Pagination evolved from people having 56k modems and it taking two minutes to
load a page. Add some images in, and you're going to be there a while.

I really like the idea of intelligent search and only showing relevant content
vs just showing everything on the page and hoping people will find it. It
seems so obvious now, but the status quo is so ingrained in us. Sometimes I
_do_ want to see the 873rd image, sometimes it's just the one I'm looking for,
but burried under endless pages of other images. Having some sort of search
(either tagging, date, or text) can really make this process easier for users.

------
read_wharf
"In a perfect world, every search would result in a page with a single item:
exactly the thing you were looking for."

That's just the opposite extreme of thousands of paginations.

I, personally, don't search that way.
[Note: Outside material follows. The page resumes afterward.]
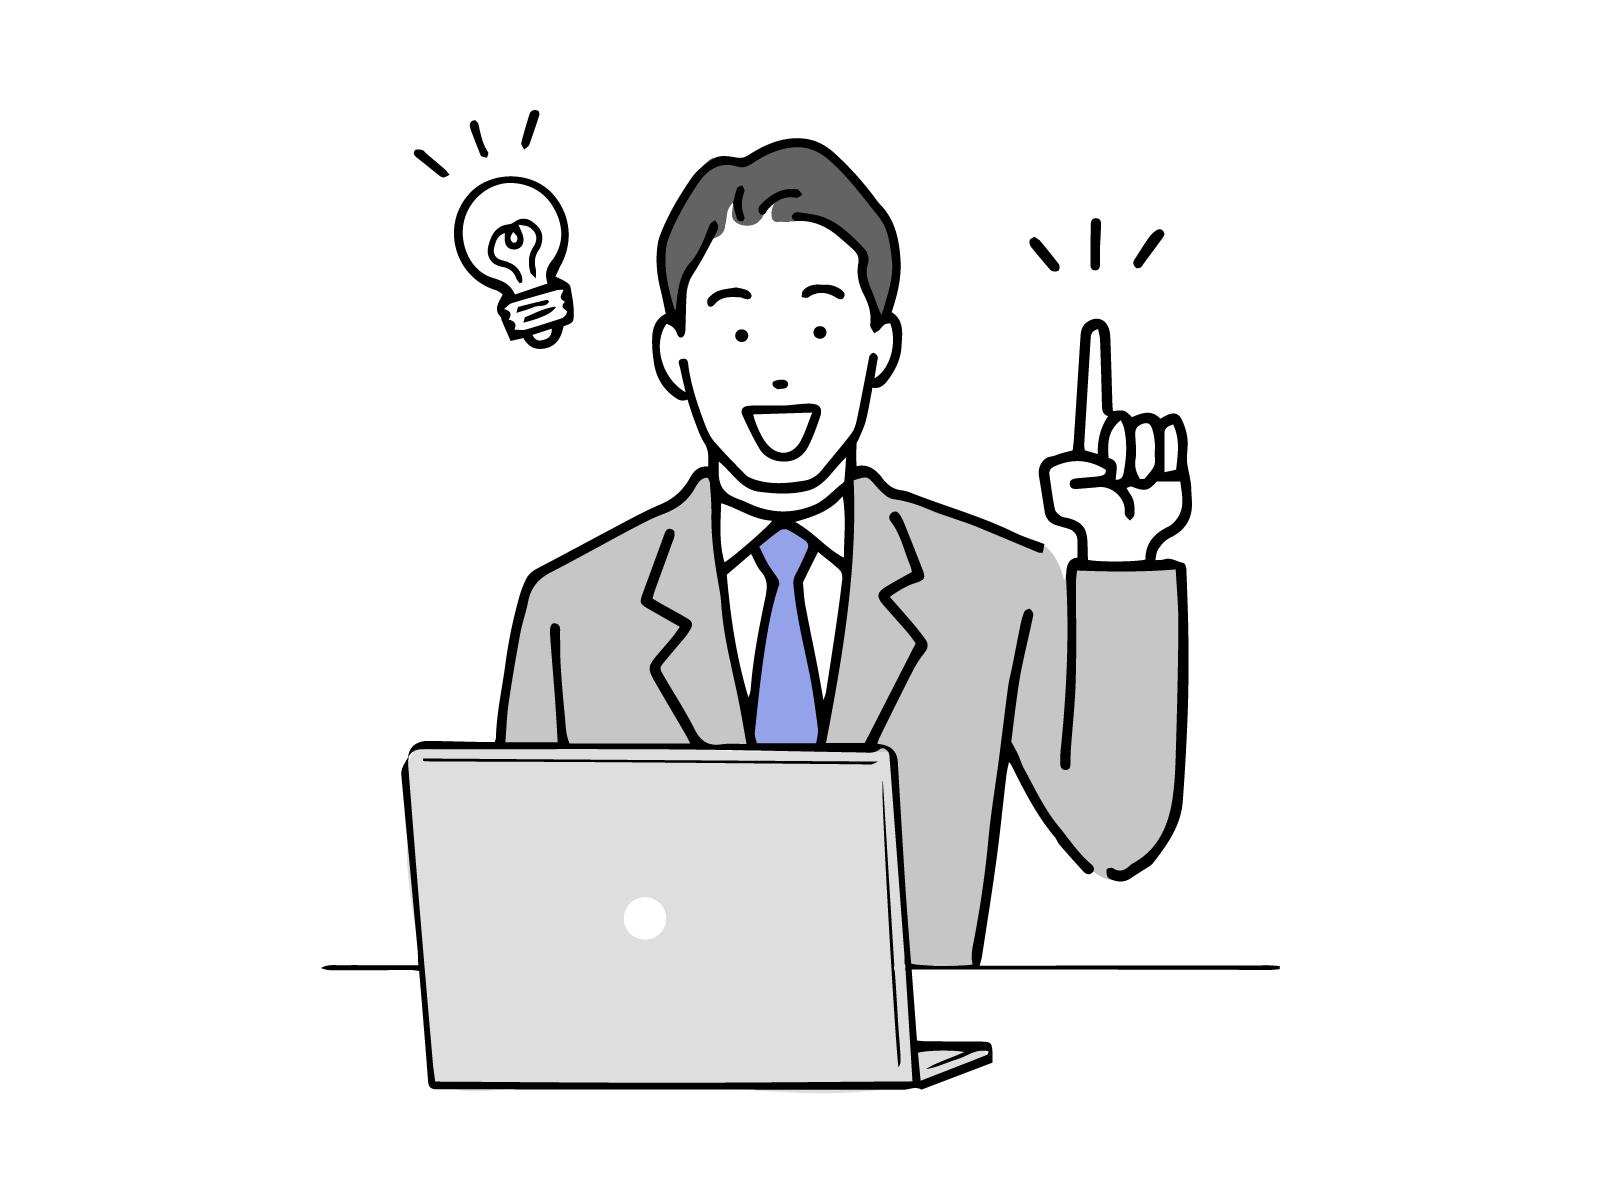 ノートPCの画面が狭いと嘆くなら、仮想デスクトップを使おう!
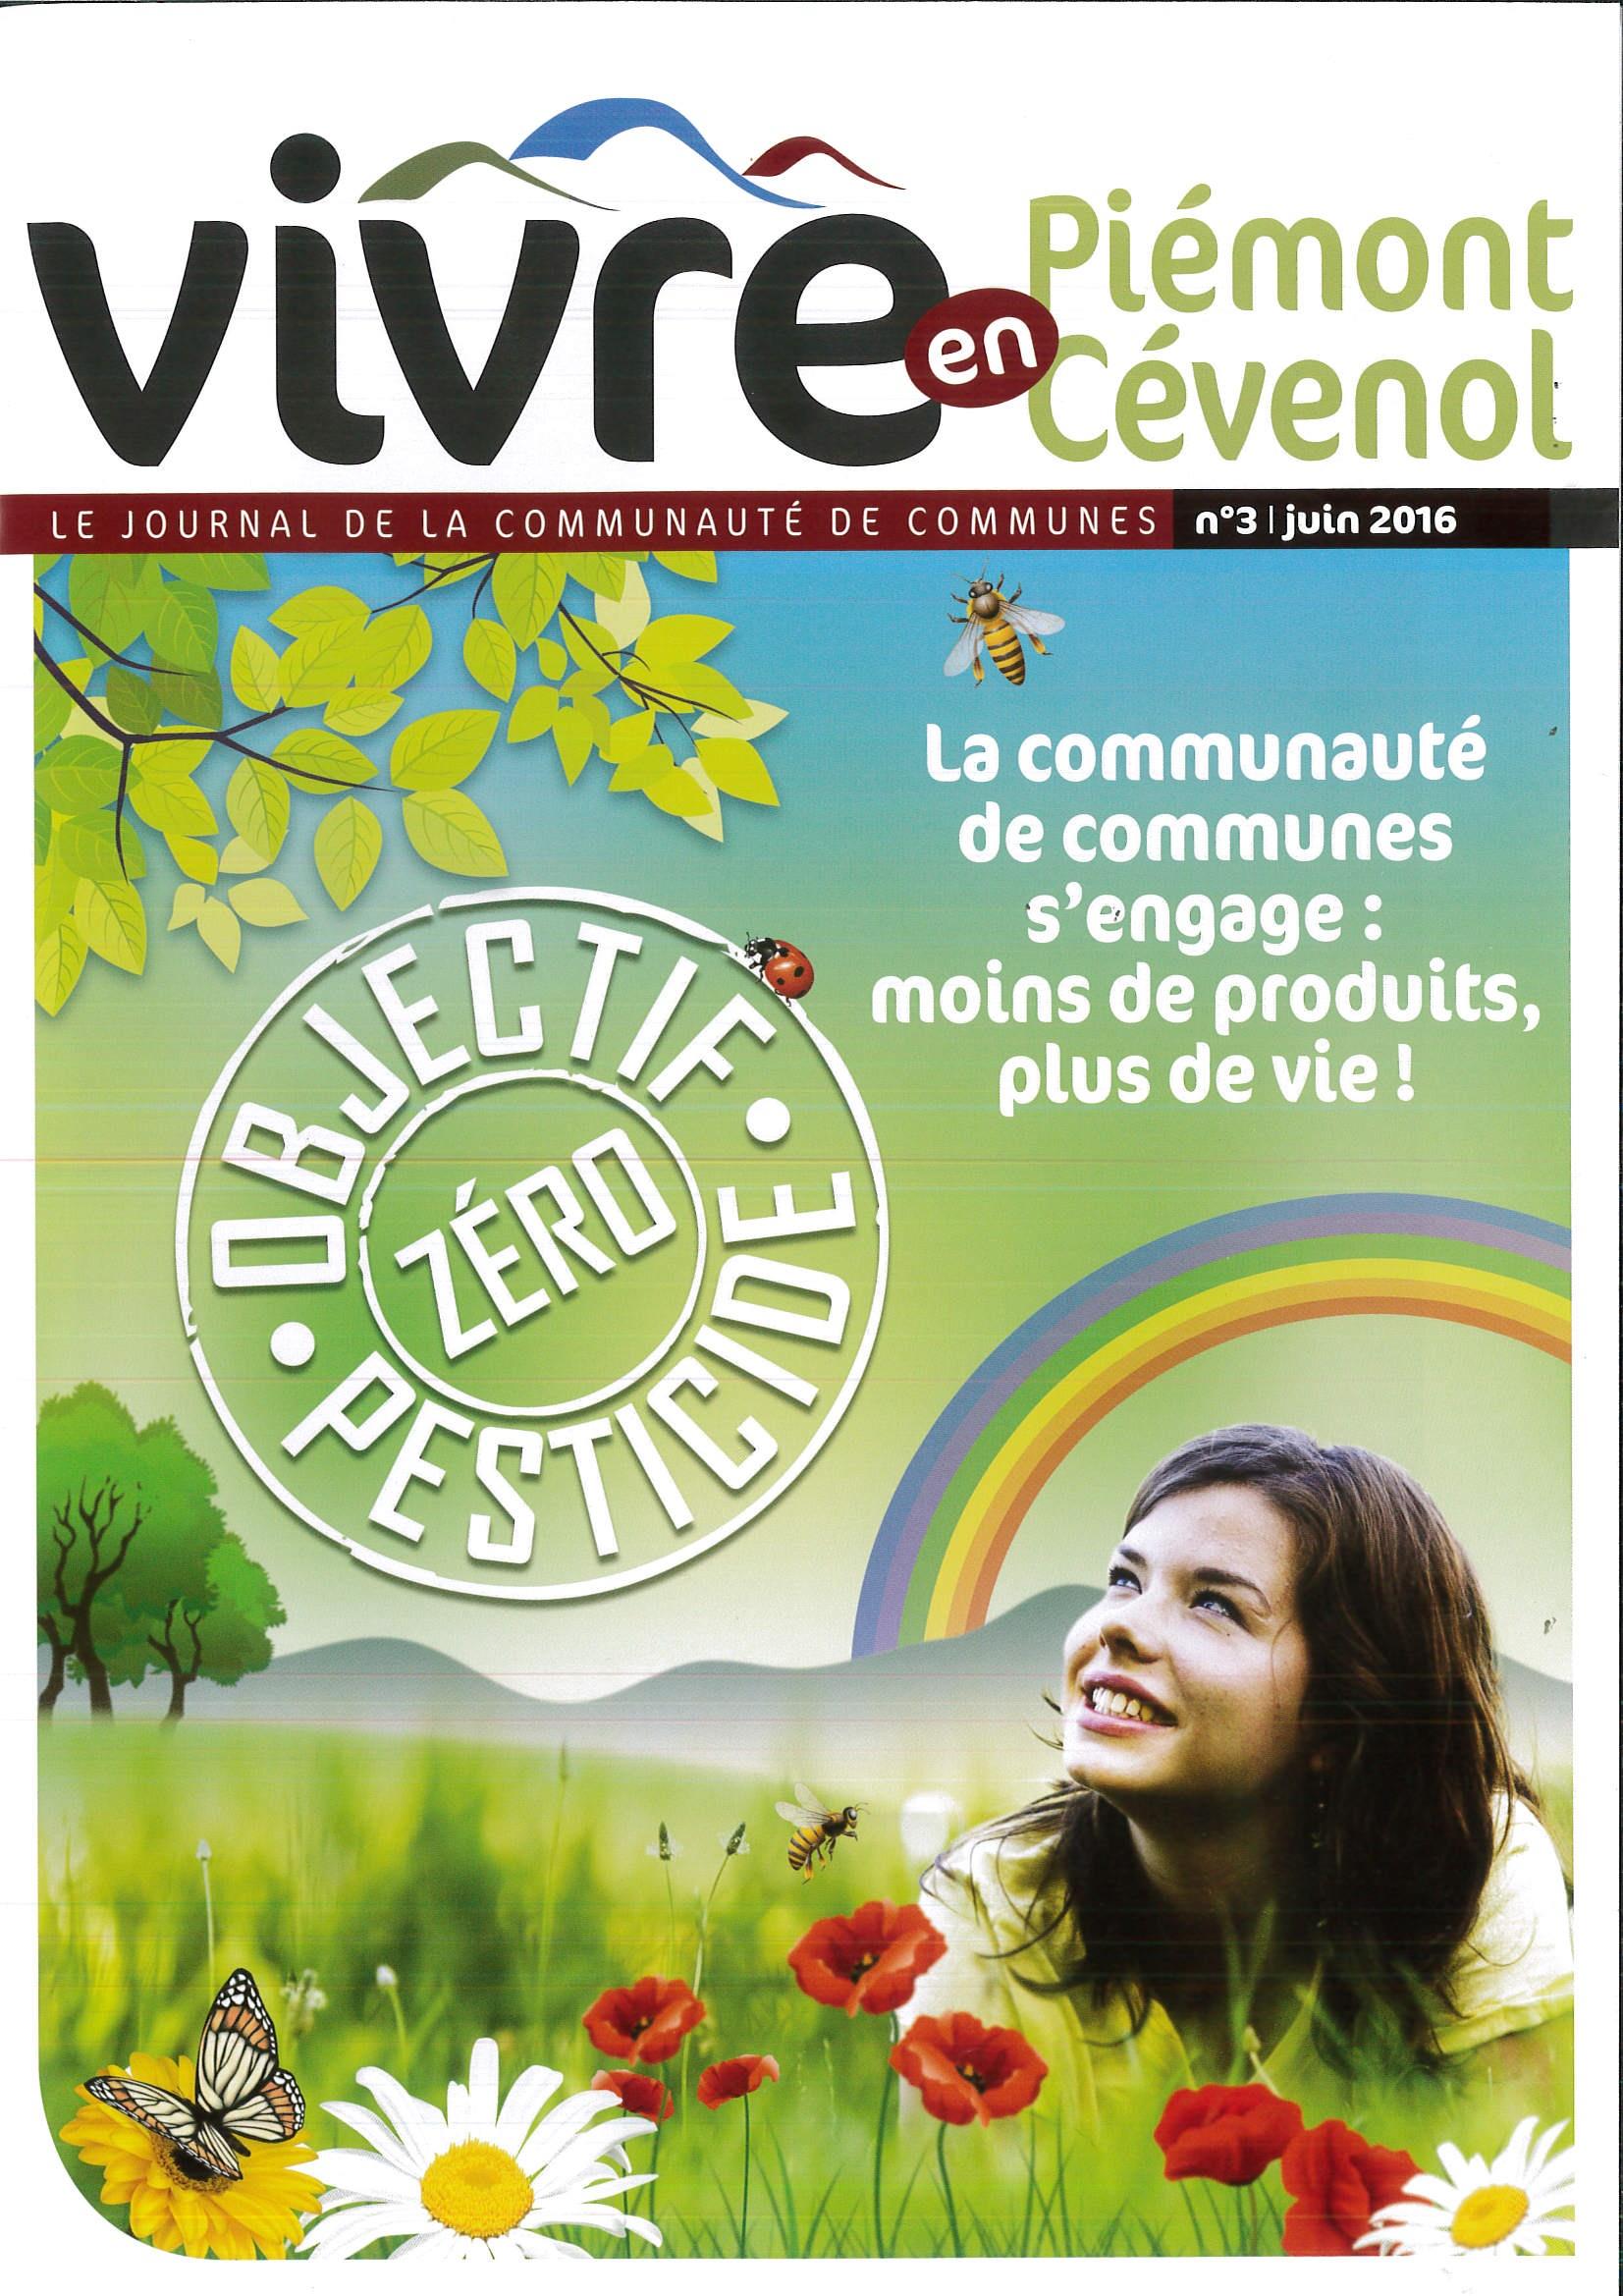 La Communauté de Communes du Piémont Cévenol s'engage pour préserver la ressource en eau et protéger notre santé !

I generally look for a few good results,
and then draw my conclusions based on the total of what I read. Rarely do I
look for _the page_ that has _the answer_. Maybe because I'm not looking for
answers.

------
AznHisoka
Pagination still is important from a search engine perspective. You want
search engines to crawl your deep pages, and pagination is a great way of
giving them that path. Relying on things like AJAX, or worse hiding all the
content behind a search box.. will lead to less pages crawled.

------
user-id
A tumbledry.org article on doing infinite scroll better was posted to HN about
a year ago (<http://news.ycombinator.com/item?id=2592741>) and it was most the
way towards doing infinite scroll right.

------
duaneb
Here's another use case perspective: consider the webcomic. There's a case
where you're not searching for something—that is, every single "page" is
possibly valuable content—but there's still hundreds, potentially thousands of
pages to display.

The problem comes in when someone is looking for that one comic they saw a few
years ago. Unlike xkcd, this comic hasn't implemented full-text search yet, so
if they can't do a manual comparison sort, they have to go over every comic.
What's a natural way to do this?

Still new to web development and user interface design in general; this is
probably a different problem altogether.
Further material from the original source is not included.